苦渋に満ちあふれた。

hellbeyond2007-02-16

 昨日は途中まで観ていた『エド・ウッド』を最後まで観た。


 …ずるいよ、これ。
 自主だろうが商業作品だろうが、少しでも映画製作に関わった人間であれば、本作品に心を「動かされない」ことは難しいだろう。駆け出し写真家にとっての『I LOVE ペッカー』みたいなモン。本作のジョニー・デップが素晴らしいのは、女装が滑稽にも似合うからではなく、エドの面影を確かに感じさせたからでもなく、エド・ウッドが狂乱の中にも自分の無能さに「薄々気付く」瞬間を確かに見せたからだ。エドがただの狂人ではないからこそ、本作が多くの人の心に残ったのだと思う。
 誰しも「あ…イマ自分のしてる仕事(作ってる作品、下した決断…)、駄目かも」って思う瞬間、あるだろう。でも集団が凄い勢いでケツに向かって動いている中、その勢いを止める訳にはいかないのだ。エド・ウッドだろうがジェームス・キャメロンだろうが映画監督は常に現場の最高権力者であるが、その監督にさえ許されないのだ、「現場を止める」ことは。それをしなかったという点においてエド・ウッドは映画監督たりえていたといえるだろう(資金繰りがつかなくなってやむなく中断、は何回かあるけど)。

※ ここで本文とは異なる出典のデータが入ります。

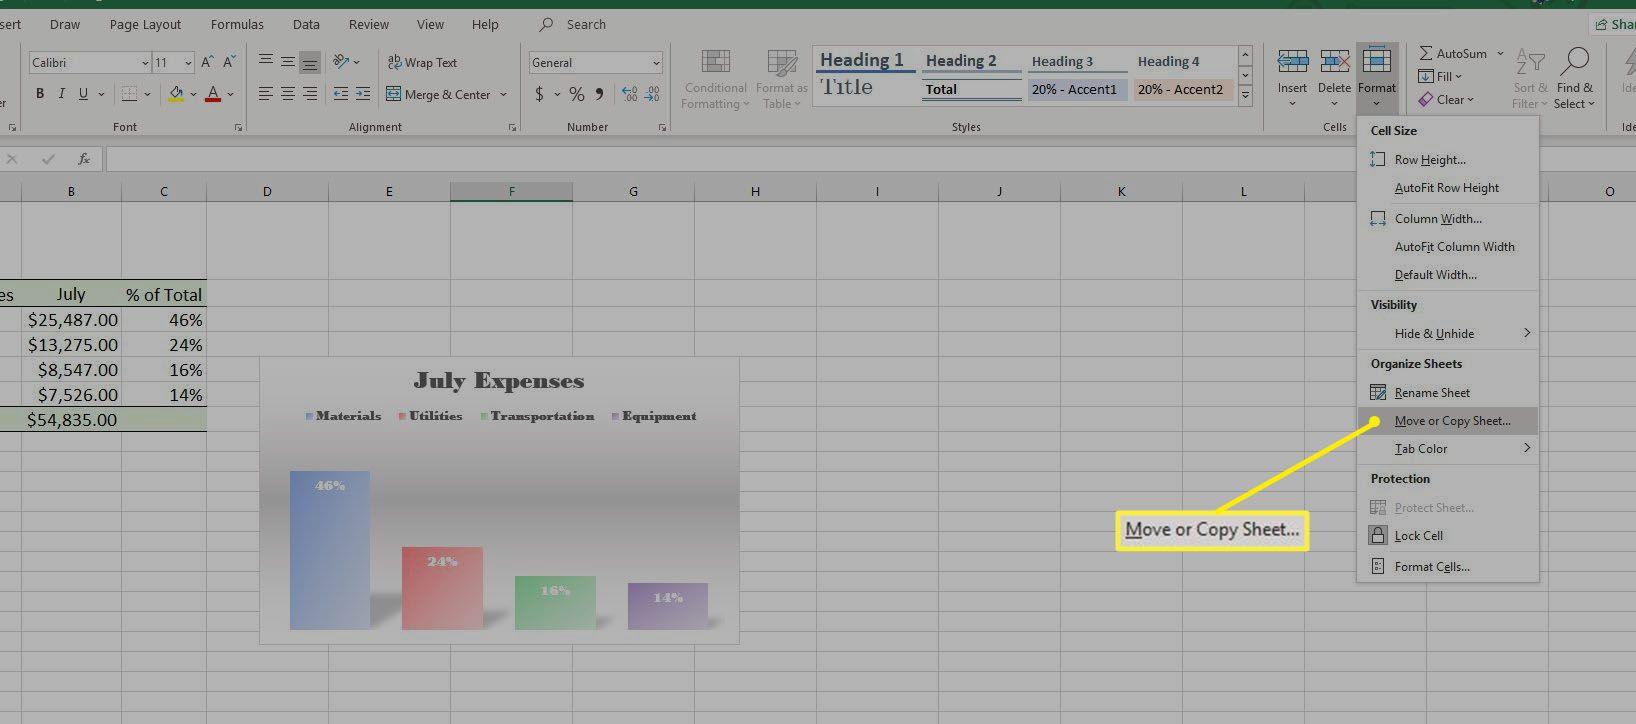 Screenshot of Move or Copy Sheet in Format drop-down

 鑑賞後、港北ニュータウン方向へ買い出し。久々の自転車行。病後だが、体力は余り落ちていないようだ。良かった。
 しかしこの街は多摩ニュータウン以上に無機質だな。何となく初期のクローネンバーグ作品っぽい。ガラス張りの巨大な商業ビルがずーっと続いて、その中に何故かポツポツとビデオ屋がある。
 パゾリーニ作品数本、石井輝男の『温泉あんま芸者』、豊田監督の(私は余り好きではない)『ポルノスター』、『去年マリエンバードで』『プレデターソルジャー』など購入。オークションに出した。自分的には劣悪な画質、読めない字幕(読めない字幕を見たことがある人ってどのくらい居るだろう?本当にある。字が汚くて読めない字幕)で一部にファンの多い「ユニバーサルビジョン」が出した『楽園からの脱出』が気になる。熱帯の実験農場主、ジョン博士が何故かカップルの男を殺して女だけ浚い、プランテーションで強制労働させている。解説文の最後には「しかし、女だけの力で、残虐な現場監督に立ち向えるのか」だって。残虐な現場監督って何か画が思い浮かばない。あとジャケットには何故か血まみれの腹出し女が倒れてる回りに猫ちゃんがうろついてるって謎のスチルが。
 惹句は「シュガーよ 偽りの平穏を破壊し尽せ。」
    「快楽地帯は瞬時にして、苦渋に満ちあふれた。」
 …久しぶりにこんなに気になる映画を見つけた。